**GIVEN DATA:**
○ ○ ○ ○ ○ ○ ○

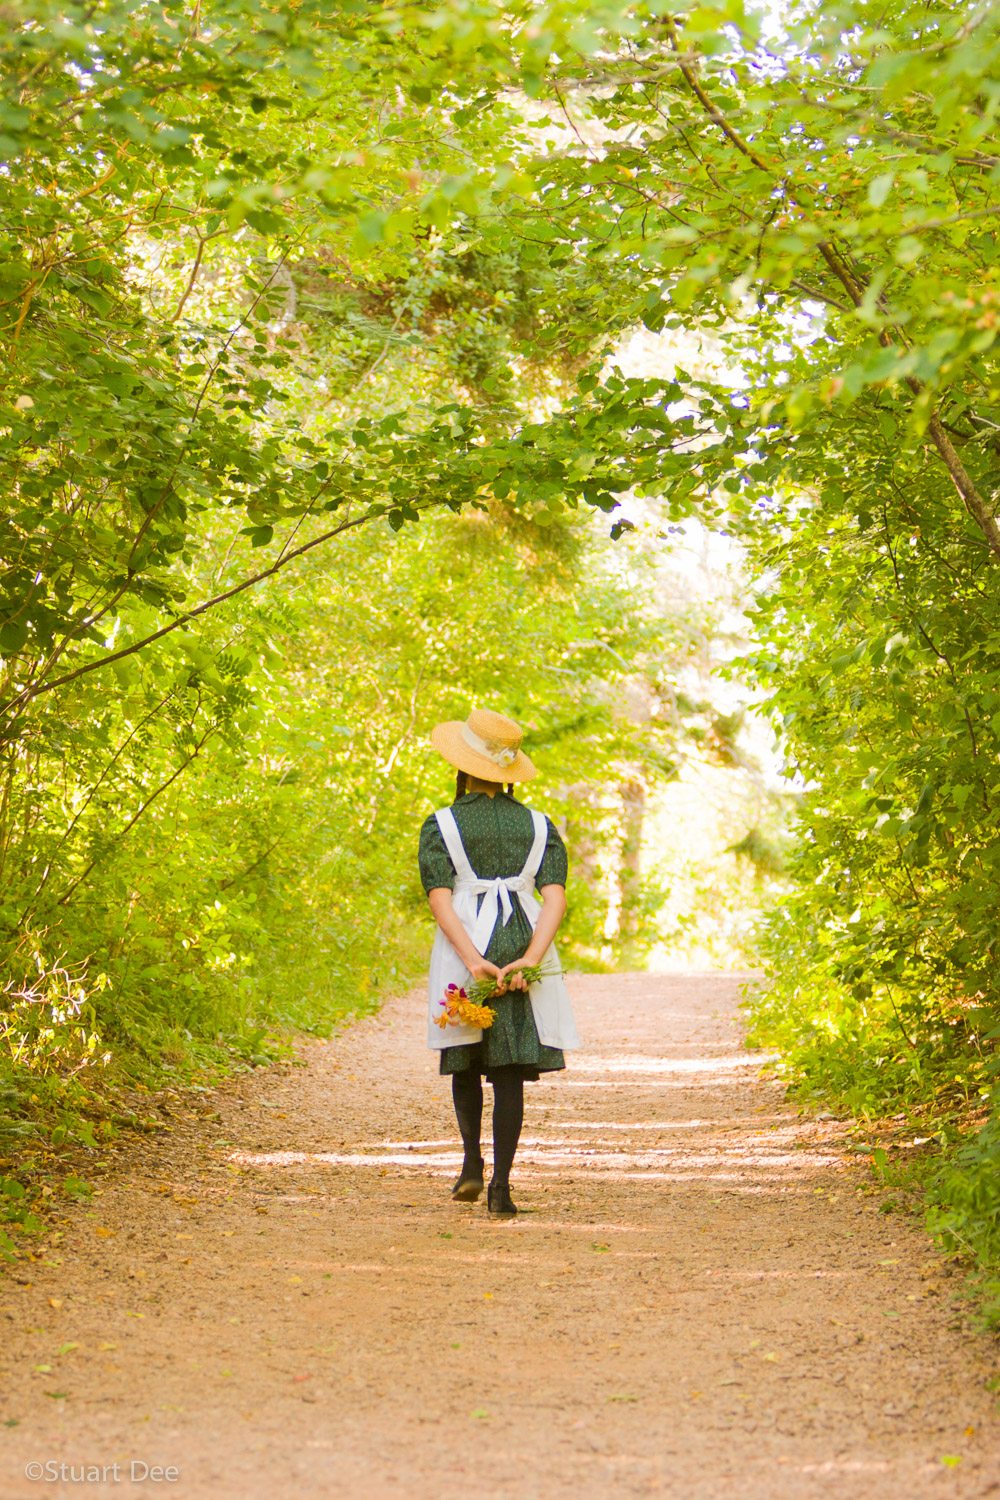  Young girl with hat and braids, "Anne of Green Gables", walking through Lovers' Lane, by the Green Gables home, Cavendish, Prince Edward Island, Canada

Anne of Green Gables is a book written by Canadian author Lucy Maud Montgomery; it was first pub
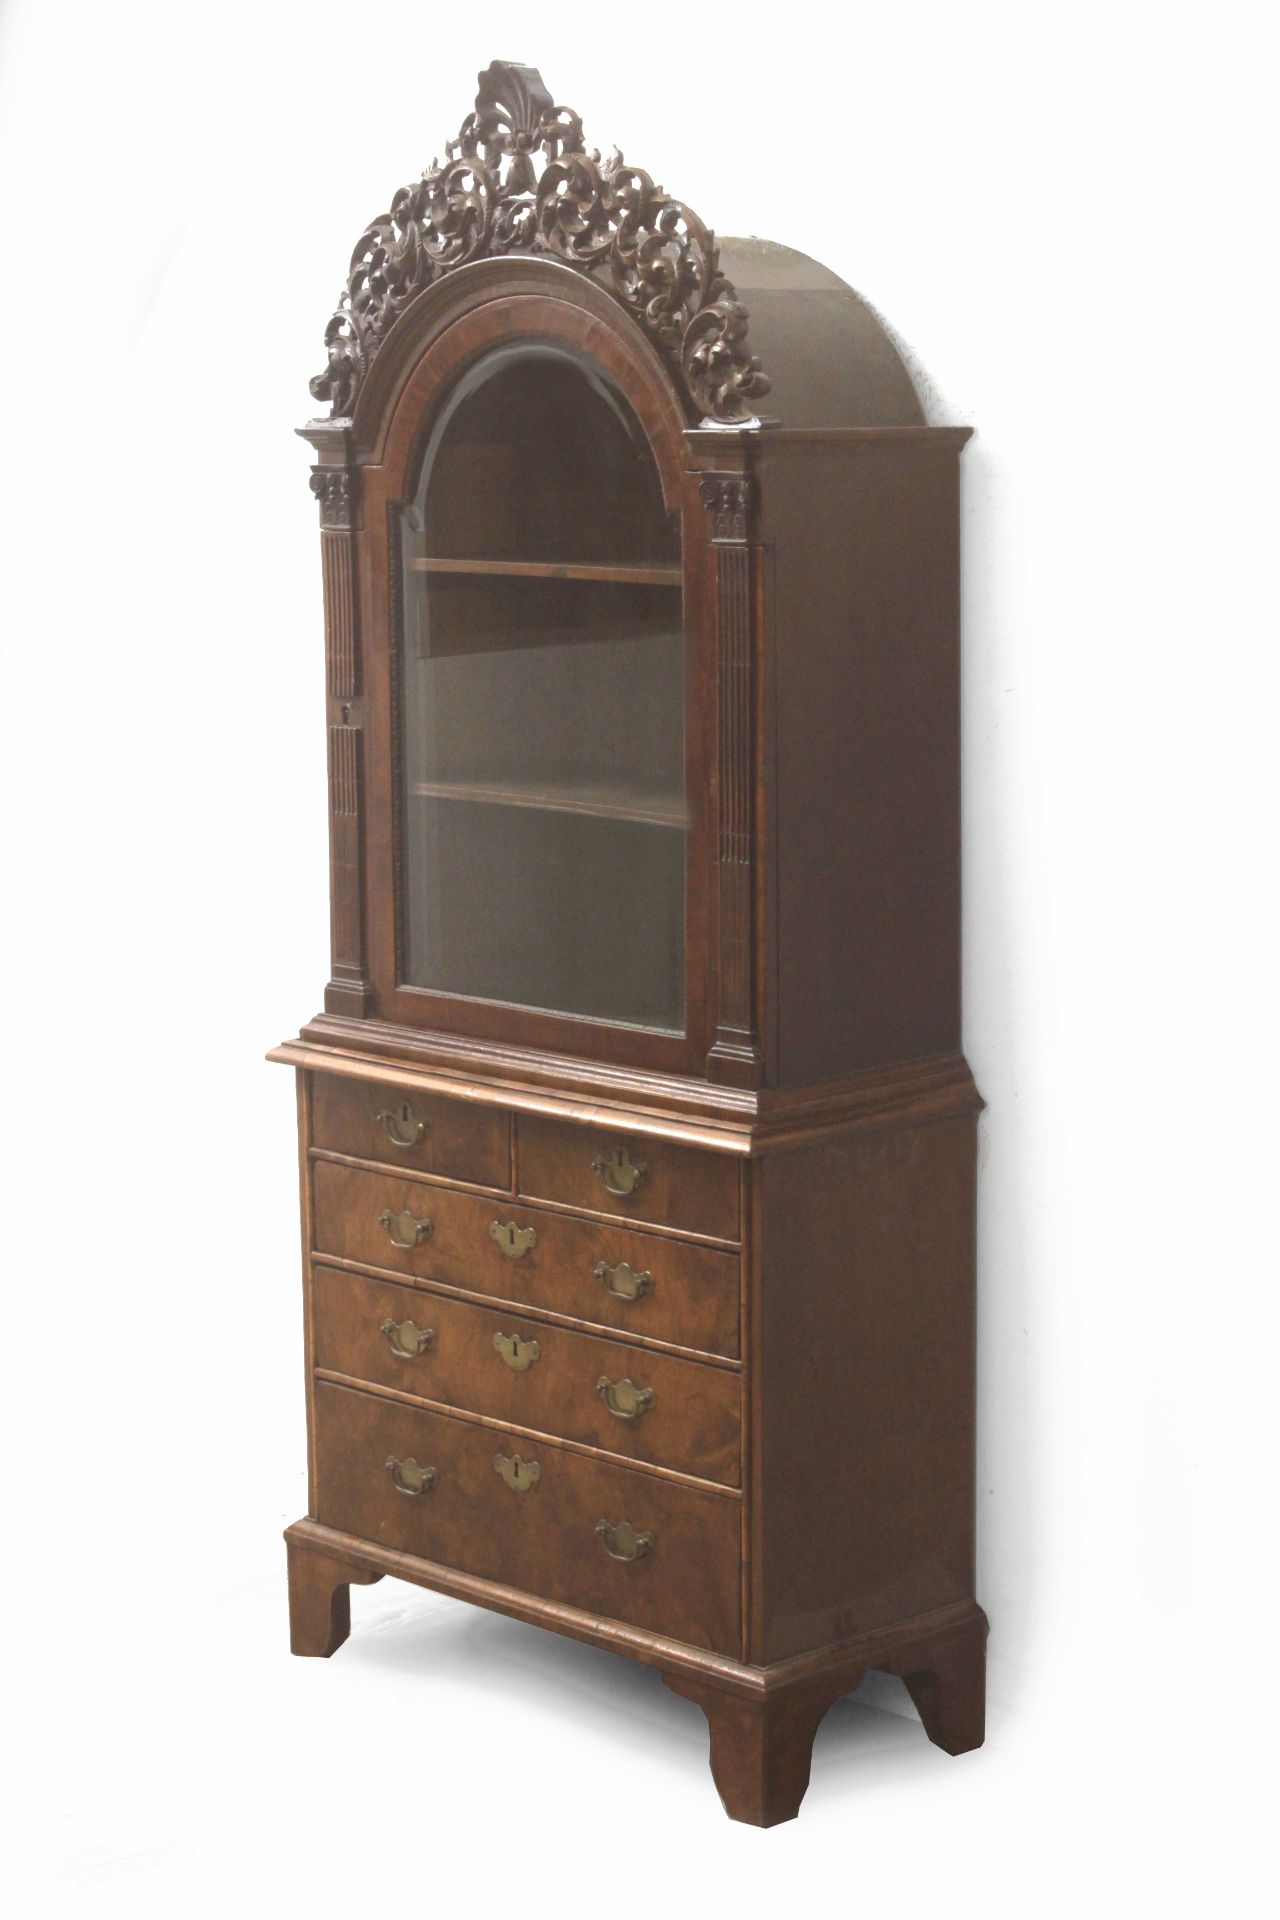 An 18th century Dutch mahogany glass cabinet - Image 2 of 5

○ ○ ○ ○ ○ ○ ○

**EXERCISE DESCRIPTION:**
Restate the whole listing exactly as written, minus the pictures.

**WRITTEN ANSWER:**
  Young girl with hat and braids, "Anne of Green Gables", walking through Lovers' Lane, by the Green Gables home, Cavendish, Prince Edward Island, Canada

Anne of Green Gables is a book written by Canadian author Lucy Maud Montgomery; it was first pub
 An 18th century Dutch mahogany glass cabinet - Image 2 of 5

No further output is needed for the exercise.